Democrats and Republicans are rushing to see who can serve as the primary scapegoat for the populist rage-inducing AIG bonuses. In this case, however, both parties are equally culpable and, if this were a court of law, both parties would both be tainted by "unclean hands."
For Republicans, they must accept responsibility that the bonus retention payments were originally in the November TARP document drafted by the Bush Treasury Department. As special Inspector General for TARP, Neil Barofsky, stated this week, the bonus retention payments were indeed in this document. More damning, however, is the fact that Republicans last fall blocked attempts to cut executive compensation and cap bonuses, deriding both as unnecessary "meddling in the markets."
Democrats do not fare much better in the blame game. The Treasury Department in the Obama Administration had the chance to fix the bonus problem in the latest round of TARP, but specifically objected to any Congressional limitation of the bonus payments. The Treasury Department strangely insisted that the rule of law would somehow be irreparably harmed if these bonus contracts were abrogated. Probably what was it play here was a fear that private firms would not want to get into business with the US government under the private-public model that the Obama Administration is touting, if they feared contracts could easily be rescinded. This argument though is not terribly strong as there are extenuating circumstances to the bonus payments that would make a onetime contract abrogation not only warranted but indeed necessary.
President Obama is right to try to avoid the partisan rancor that is now gripping Washington over the bonus payments. By appearing on Jay Leno, holding town hall meetings in California (a state gripped by 10 percent unemployment), and appearing alongside Republican Governor Arnold Schwarzenegger, President Obama is appearing to be above the partisan discord and blame game.
President Obama needs to continue to transcend the partisan bickering, as he faces the uphill battle of selling his $3.6 trillion budget plans to the American people. While Speaker Nancy Pelosi may have won some points politically by forcing the House to vote on a 90 percent tax on the bonus payments (thereby effectively splitting House Republicans half of whom bolted at the thought of voting in favor of the highest marginal tax increase in American history), she showed that she is still focused on the blame game. While should be furious over these bonus payments, we must now focus on the arduous task of passing a second bailout and health care and energy plans which will ultimately help to fix the economy.

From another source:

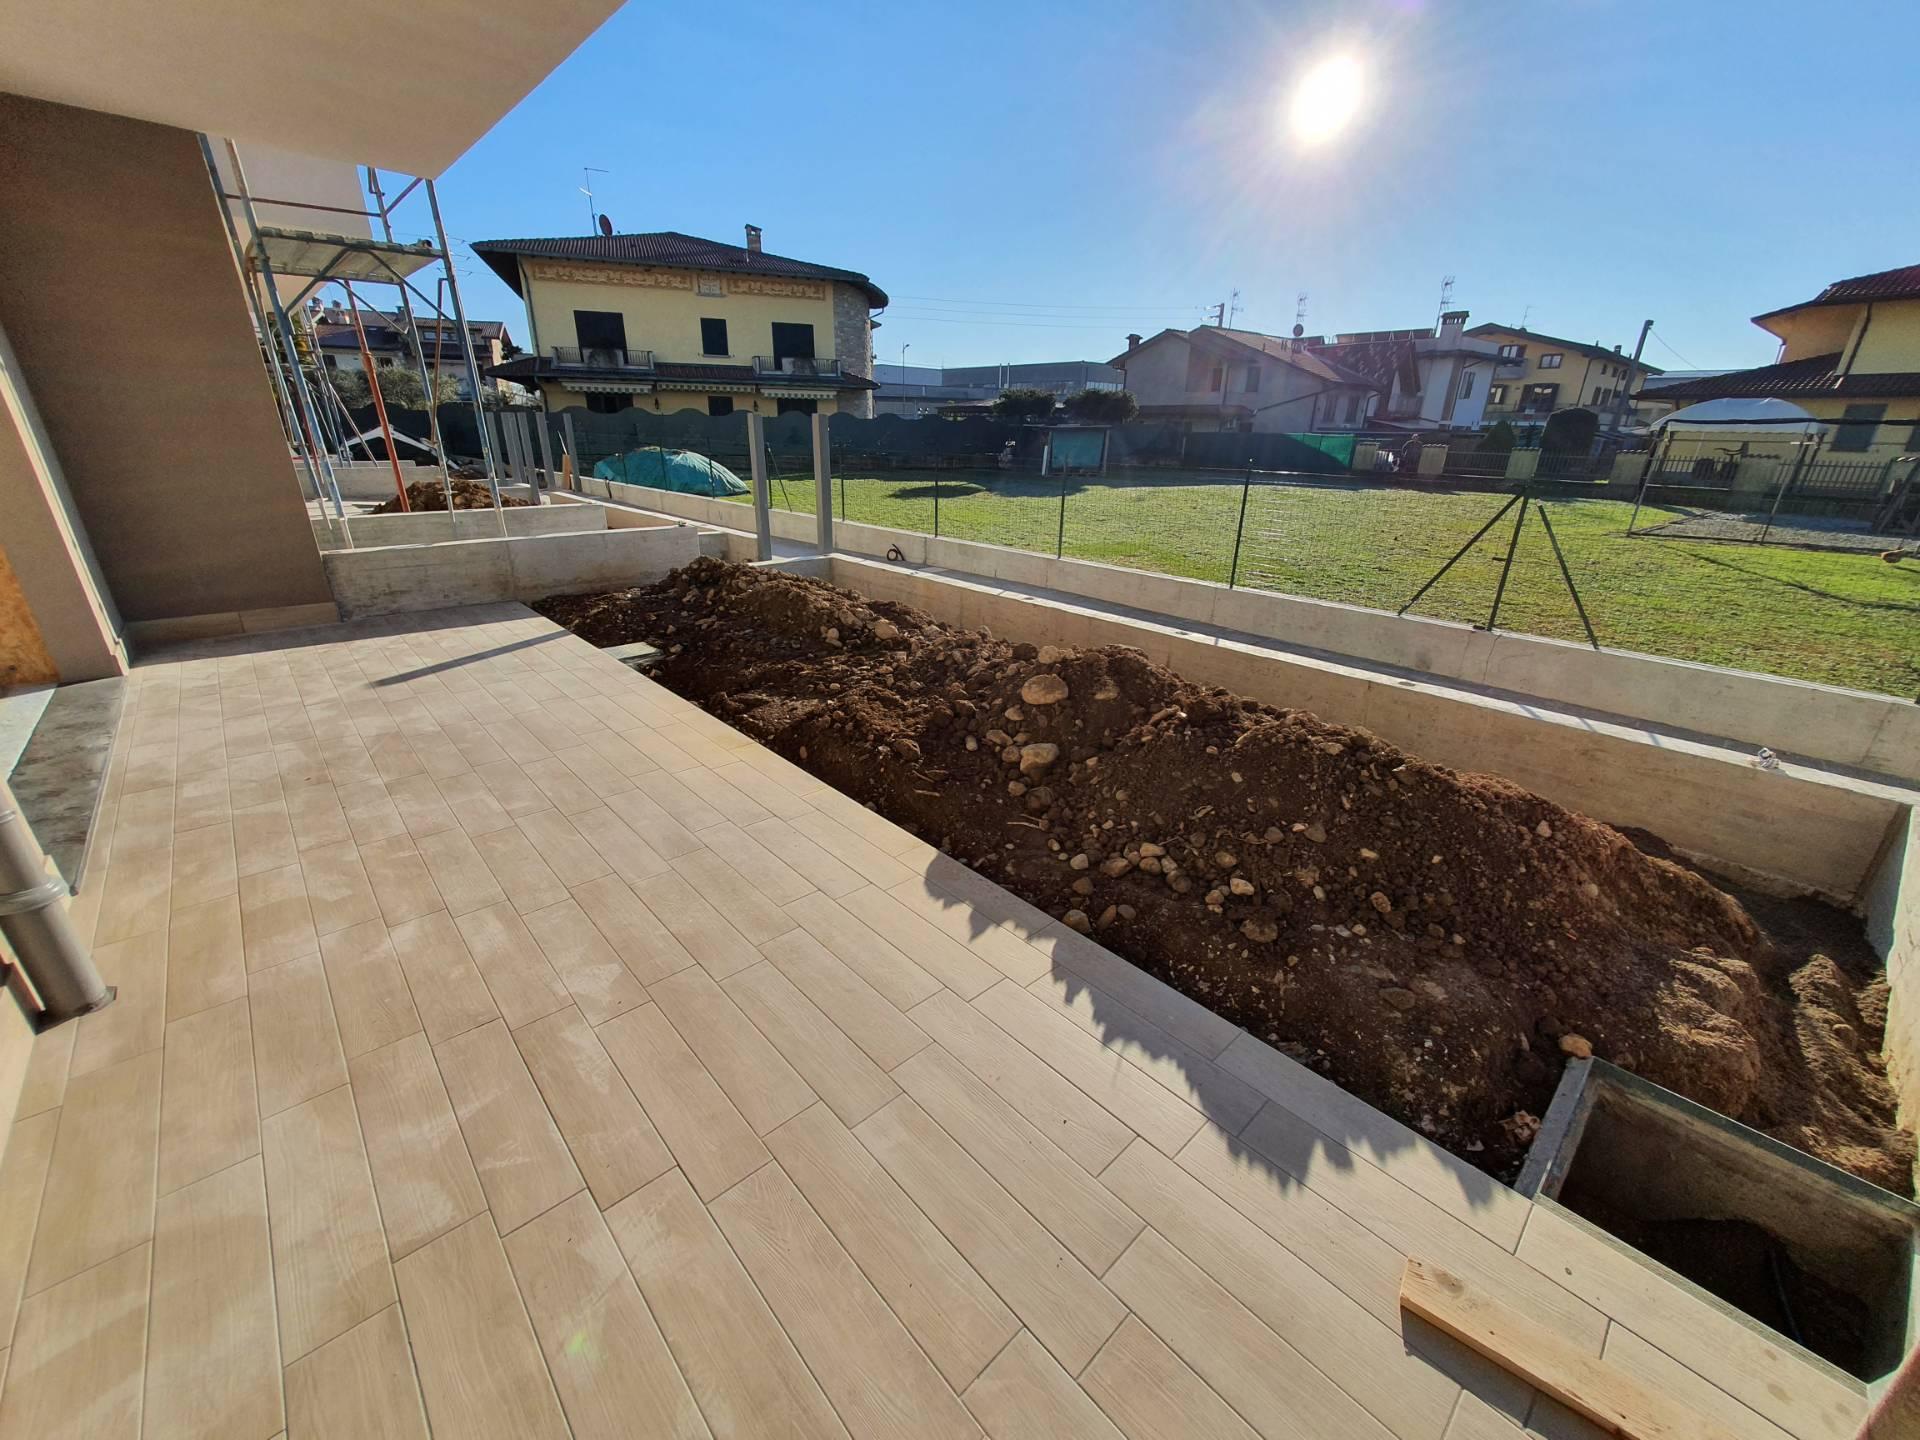 Appartamento in vendita a Grassobbio, 3 locali, prezzo € 215.000 | PortaleAgenzieImmobiliari.it

It is all too easy to get swept up in the populist anger that is dominating the news of the day. We have a right to be angry and outraged over these bonus payments. But we now need Congress to get back to the task of fixing the economy and if the backlash against the bonus payments causes people to fail to back President Obama's second bailout and health care and energy plans, now that would be something for which we should have enduring anger.